A bit of history. Hello, welcome to another webpage of advice about the use of equity capital for business development and expansion purposes. First, a little bit of history. I won’t get academic but this is important. In Australia, the vehicle traditionally or historically used for business development and expansion purposes in the small and mid-size business sector was the private proprietary company, identified by the use of ‘Pty Ltd’ (Proprietary Limited) in the business name. However, the use of the proprietary company for business development and expansion purposes has become more difficult over the years for two reasons.

  • The first is that these companies were often used by crooks to run scams where members of the public were cheated.
  • The second is that in the business environment of today, proprietary companies not considered as a suitable vehicle on which to base corporate capital growth activities. I will explain why shortly.

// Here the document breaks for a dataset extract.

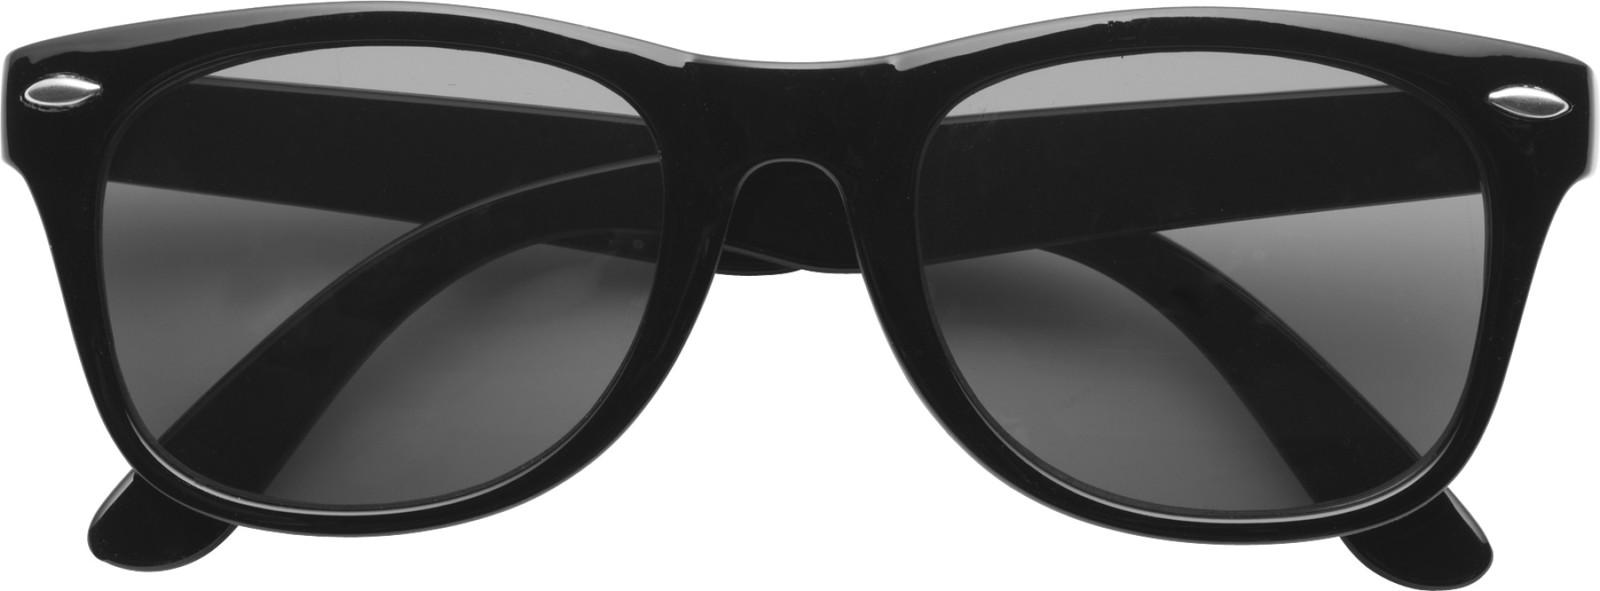 PC and PVC sunglasses - Black

Pty Ltd companies are restricted. Because of these regulatory control problems and other legal and administrative difficulties encountered over the years, the Australian Government has enforced strict rules on the conduct and management of proprietary companies. Consequently, there are now very stringent restrictions placed on the shareholders of proprietary companies by the Australian Corporations Act 2001.

Pty Ltd companies are inhibited. These restrictions seriously inhibit the rights of proprietary companies’ shareholders’ to seek equity capital funds from the public through a sale of securities. I will outline these restrictions in a moment. Please note however that these restrictions do not apply to a proprietary company’s ability to obtain debt or loan funds from commercial lending institutions such as banks or finance companies.

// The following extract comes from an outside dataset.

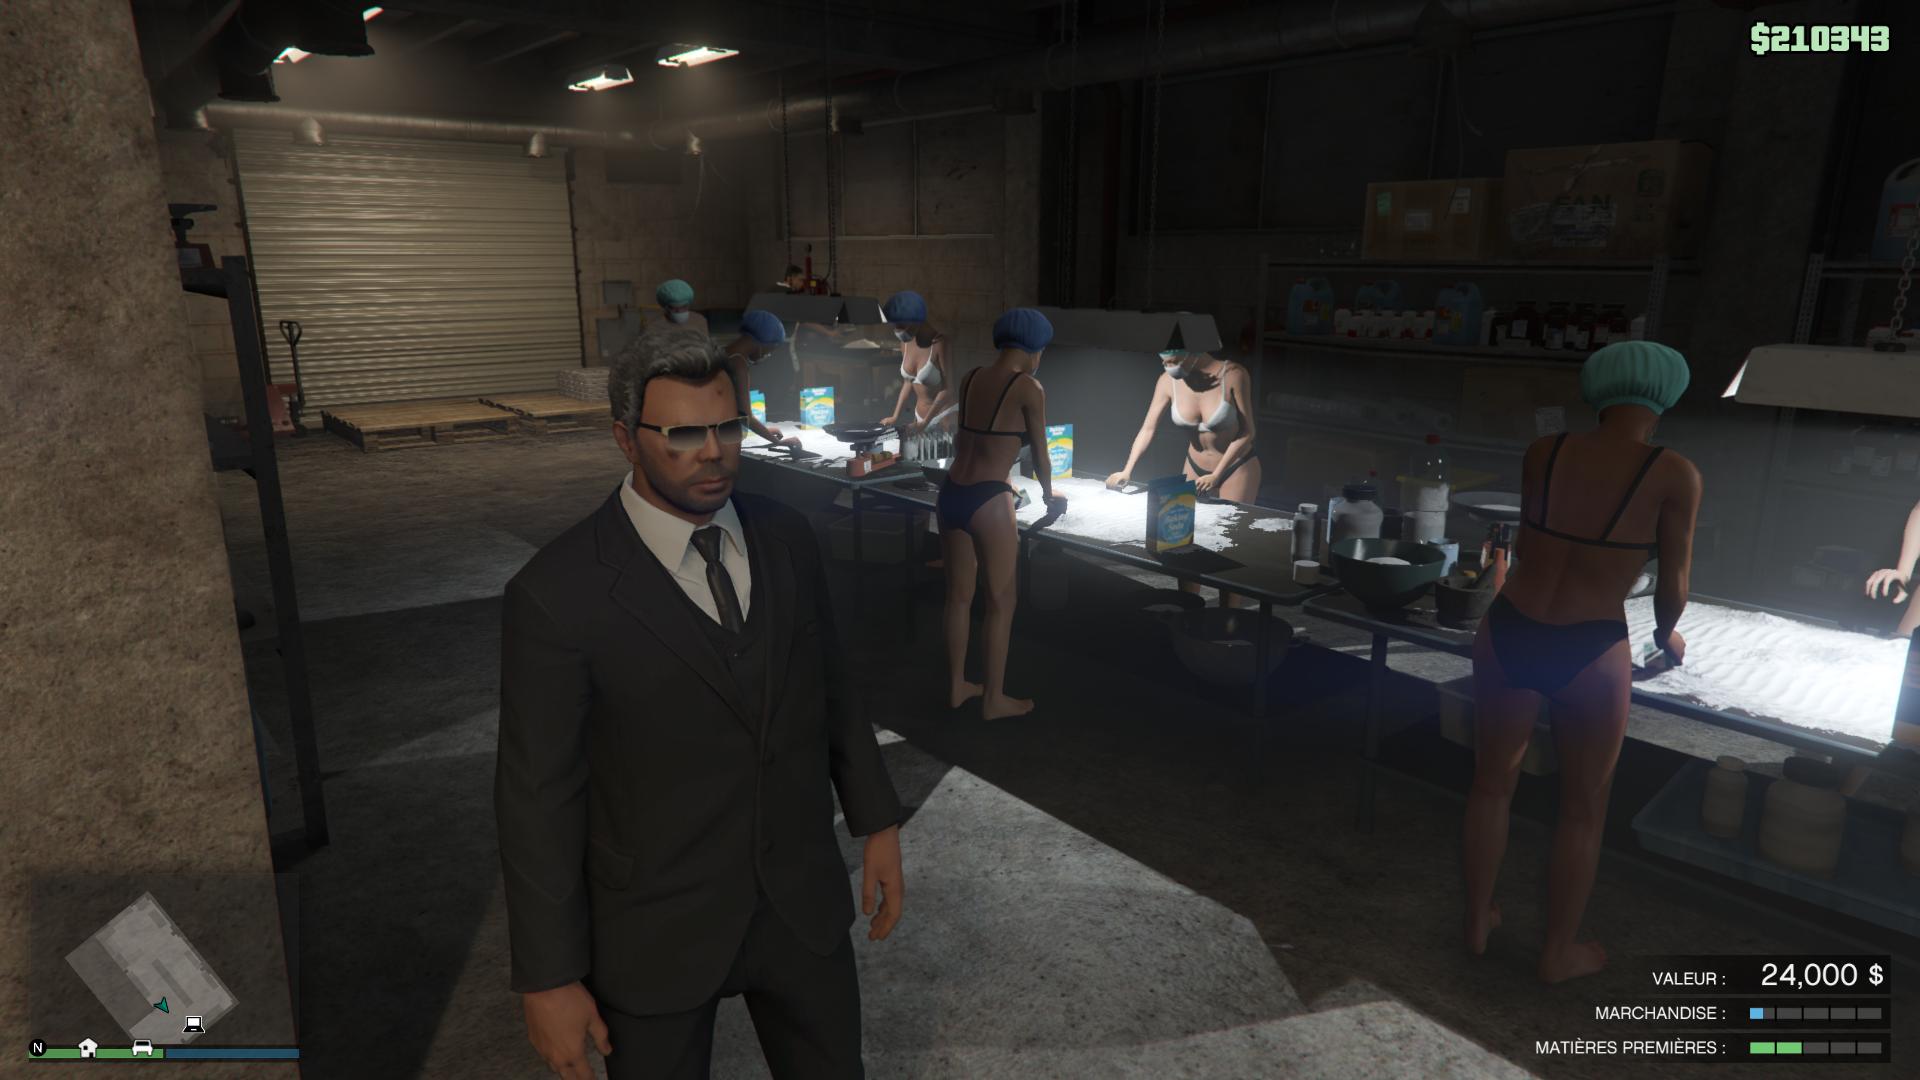 Grand Theft Auto V - Mon Trafic De Came

Proprietary Companies: give them a miss

The restrictions imposed by the Corporations Act on the shareholders of proprietary companies include, but are not limited to, the following:

  • Shareholders in a proprietary company do not have the right to freely transfer their shares to whomever they like at any price. The right of a shareholder in a proprietary company is therefore restricted.
  • A proprietary company does not have the right to have an unrestricted number of shareholders.
  • A proprietary company does not have the right to invite the public to subscribe for securities in the company, or to accept subscriptions from the public for securities in the company, unless a formal and expensive prospectus or product disclosure statement has first been registered with the Australian Securities and Investments Commission (ASIC).
  • A proprietary company does not have the right to invite the public, or make any offer to the public to deposit money with the company, whether interest bearing or not, and whether for fixed periods or payable at call, unless an expensive prospectus or product disclosure statement has first been registered with ASIC.
  • A proprietary company does not have the right to undertake any action (including the raising of equity capital) that requires, pursuant to the terms of the Australian Corporations Act 2001, disclosure to investors. The one exception is an offer of shares in the company to existing shareholders, or employees or a direct subsidiary. In practical terms, this essentially means that capital raising is limited to rights issues restricted to existing shareholders.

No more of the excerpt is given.